▶ _Assignment_
The entries below contain a line with "Schaulustige stehen an" and a line with "Dowtown Oakland Disparity Analysis". Retype exactly everything from the first down to the second, both included, and nothing else.

▶ _Entries provided_
┄┄┄┄┄┄

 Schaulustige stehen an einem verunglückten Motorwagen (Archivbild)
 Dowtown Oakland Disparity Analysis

┄┄┄┄┄┄

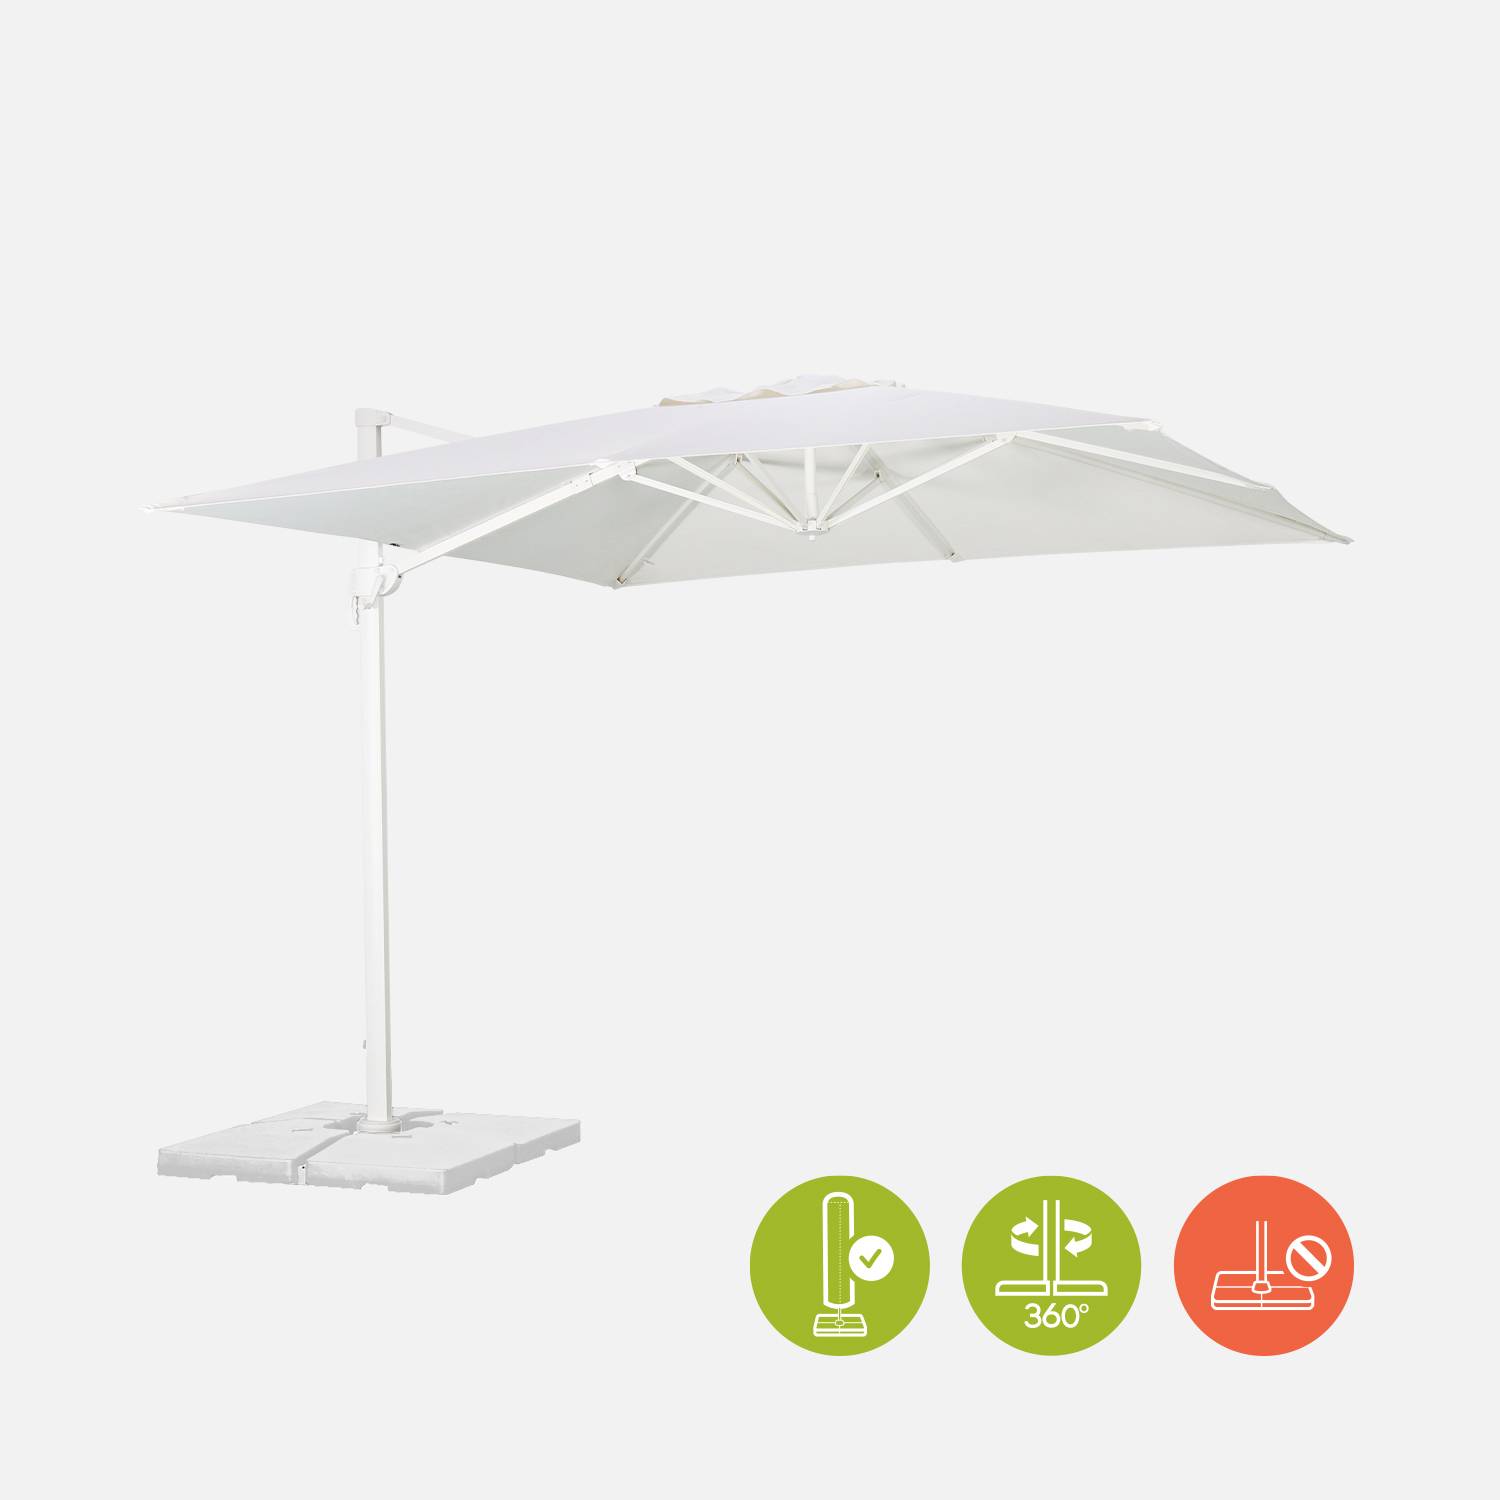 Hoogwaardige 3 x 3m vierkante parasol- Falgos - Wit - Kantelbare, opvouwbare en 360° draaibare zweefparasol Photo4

┄┄┄┄┄┄

▶ _Written solution_
 Schaulustige stehen an einem verunglückten Motorwagen (Archivbild)
 Dowtown Oakland Disparity Analysis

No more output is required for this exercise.